Some charity gala. Endless speeches, overpriced champagne. Smiling at people I don’t care about.
Sounds terrible.
It is. I’d trade all of this for a quiet walk on the beach.
My heart stutters. What does he mean… with me? No. I’m reading too much into it. I always do.
Still, this feels… different. More personal than work texts should be. Like we’re just two people having a conversation instead of boss and employee.
When’s the last time you did something just for fun?
Long pause. I’m starting to think he won’t answer when my phone buzzes again.

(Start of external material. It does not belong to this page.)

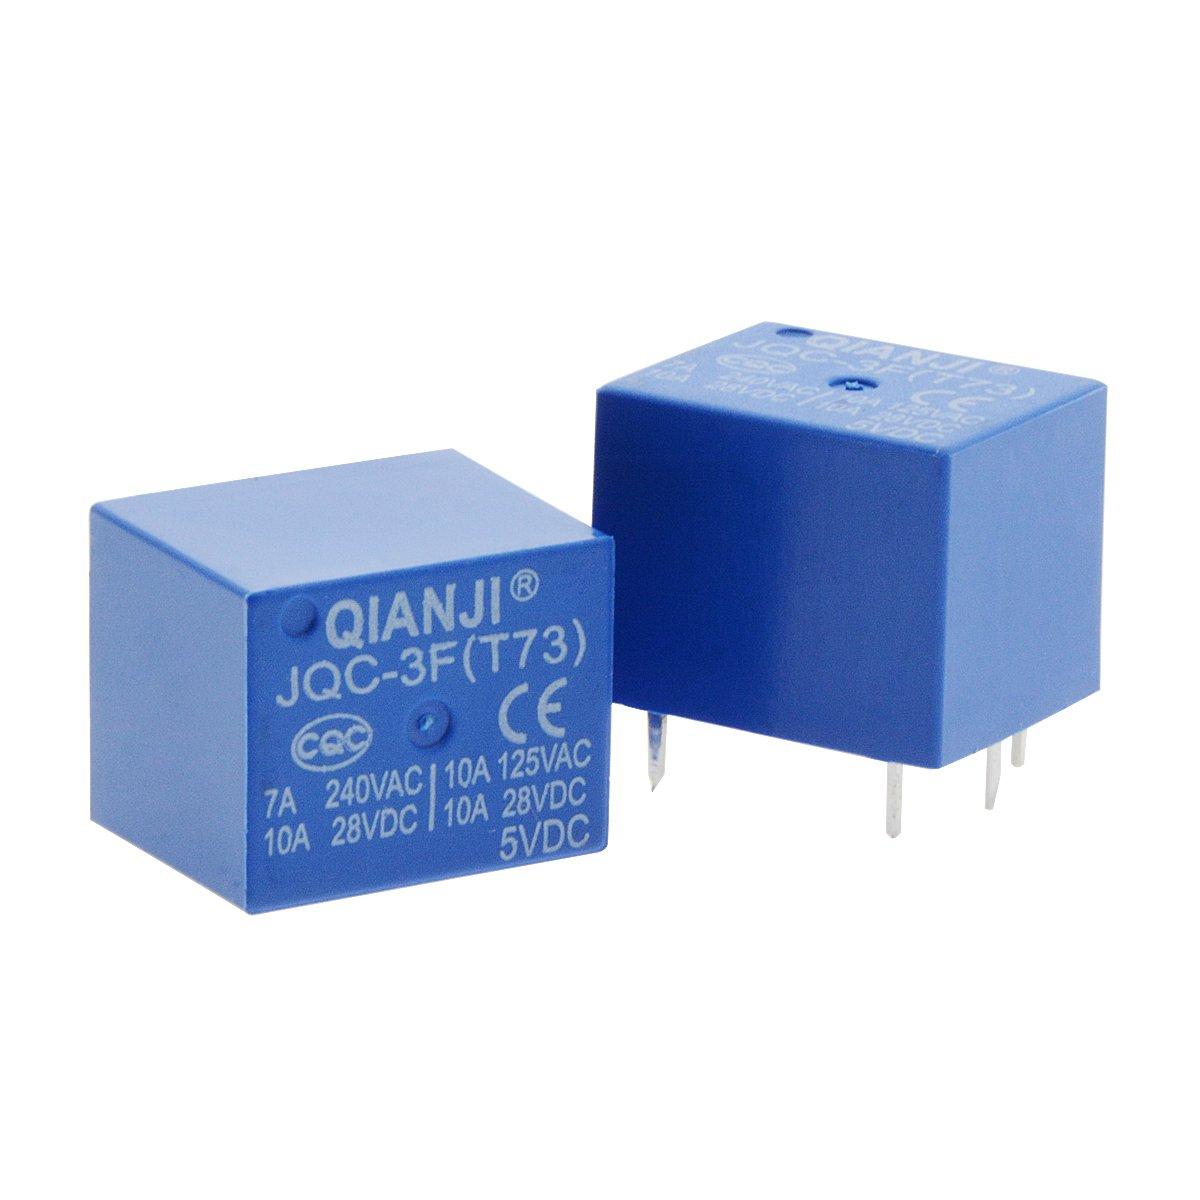 Saim DC 5/V bobina 5/pin mini rel/è di potenza SPST PCB tipo jqc-3/F 12/pz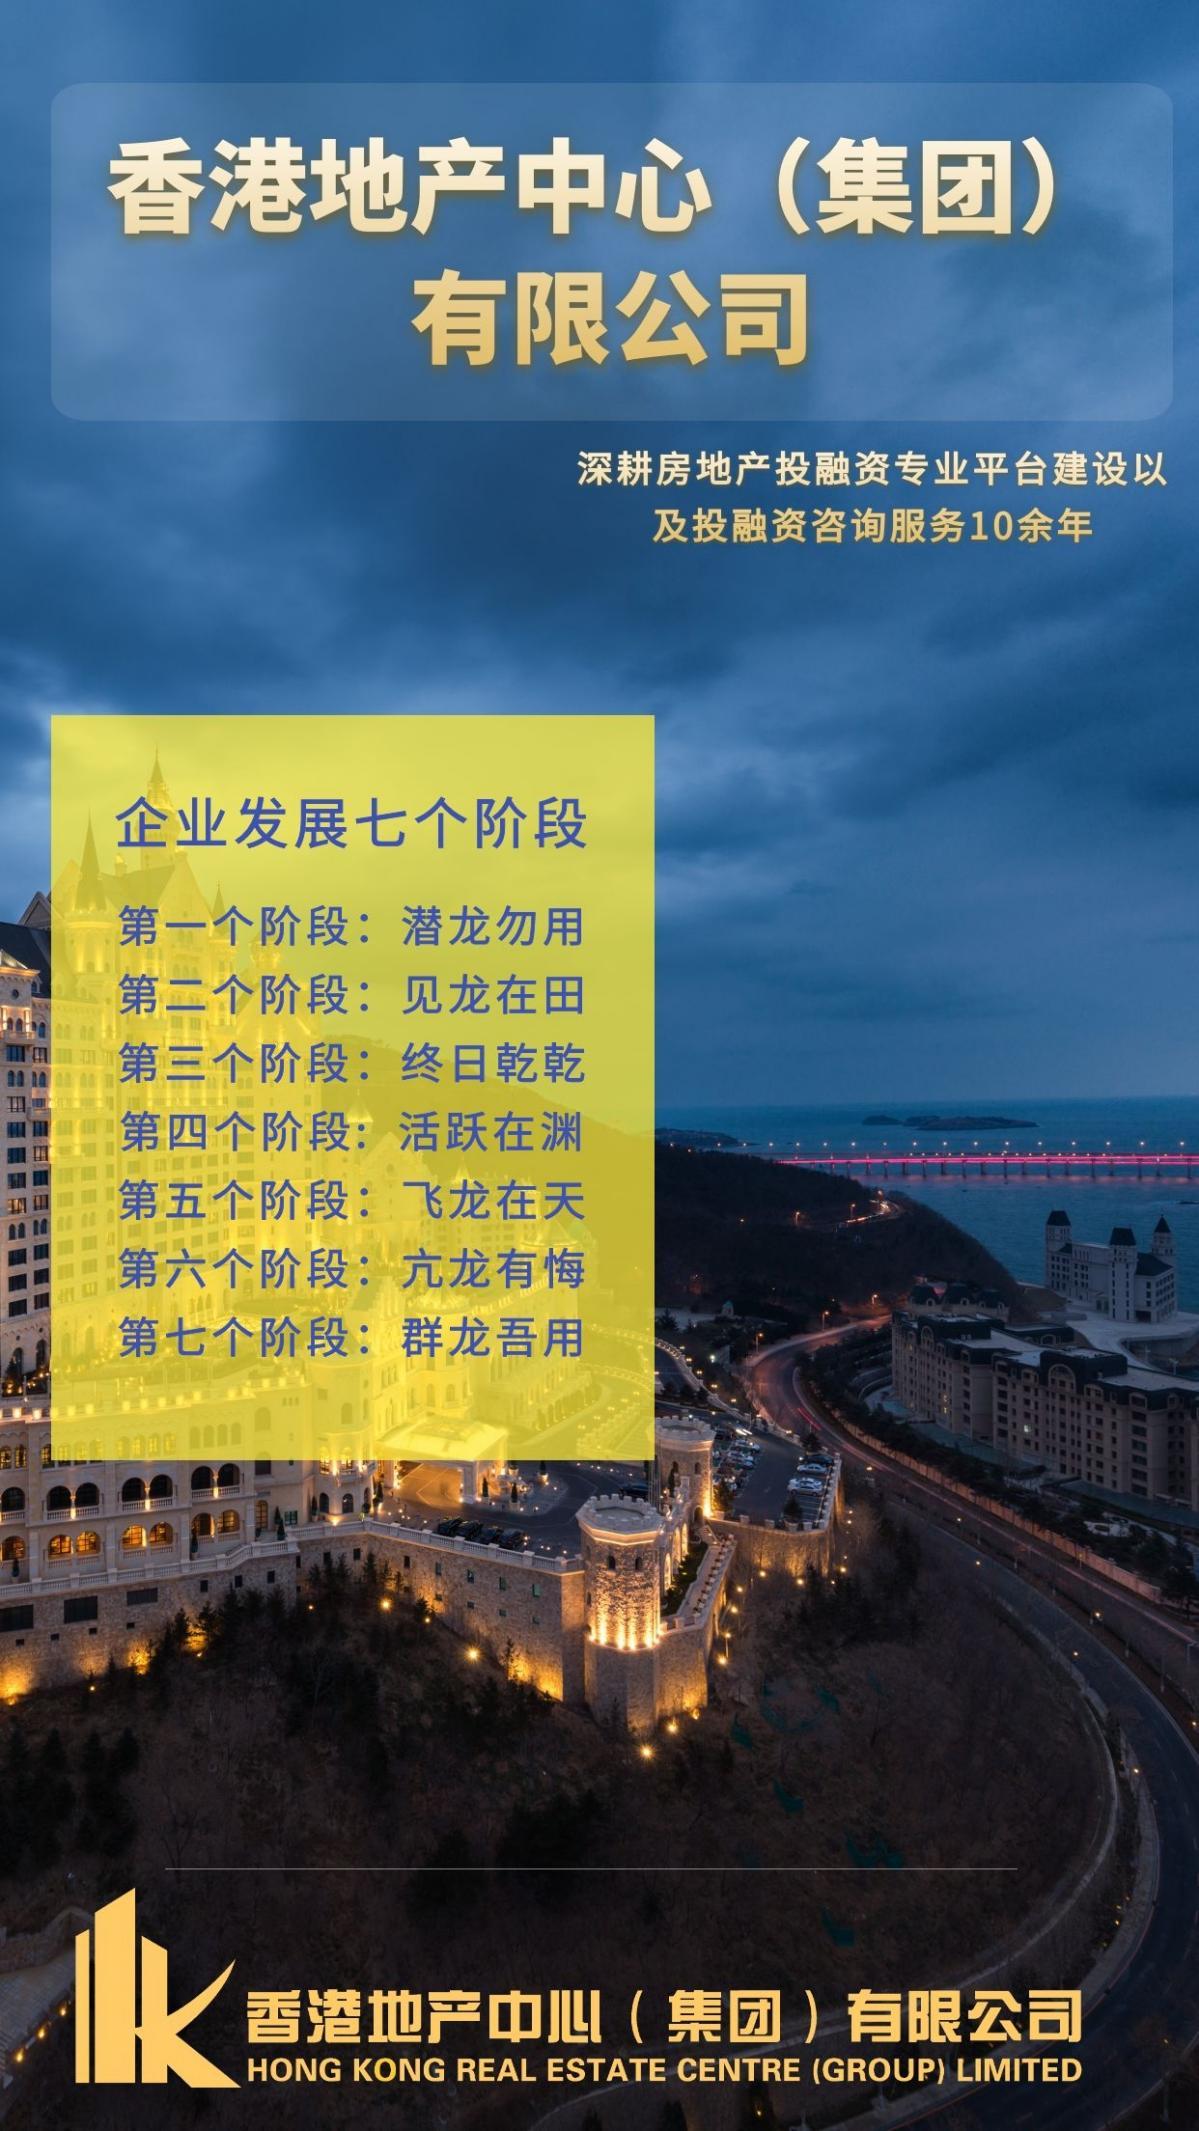 香港地产中心(集团)有限公司王坦总结企业发展7个阶段

Honestly? I don’t remember.
Something about that admission makes my chest tight. All that success, all that power, and he can’t remember the last time he just… enjoyed something.
Maybe you should fake less galas and do more real fun.
Maybe. What about you? Besides terrorizing seagulls with Simba, what does Emma Miller do for fun in Miami?
The question stops me cold. What do I do for fun? Work, mostly. Worry about work. Stress about whether I’m f*****g everything up.
Still figuring that out. I’m not great at the “fun” thing either.
We’ll have to work on that.
We.
I read that word about fifty times, trying not to read too much into it. But there it is. We. Like there’s a future where we figure out fun together.
Before I can spiral too much, another text comes through.
They’re giving me looks for checking my phone during speeches. Enjoy the rest of your weekend, Emma.
Enjoy your champagne, Massimo.
Buona notte, dolcezza.
The word stuns me. Sweetness.
I stare at the screen, breath caught somewhere between my chest and my throat, my hands tremble; I know I’m gone. This is crossing a line. Bosses don’t say things like that. Men who see you as just an “asset” don’t say things like that.
And yet… I don’t delete it.
I can’t.
Because deep down, I know I’m in too deep to keep this professional, and I don’t want too.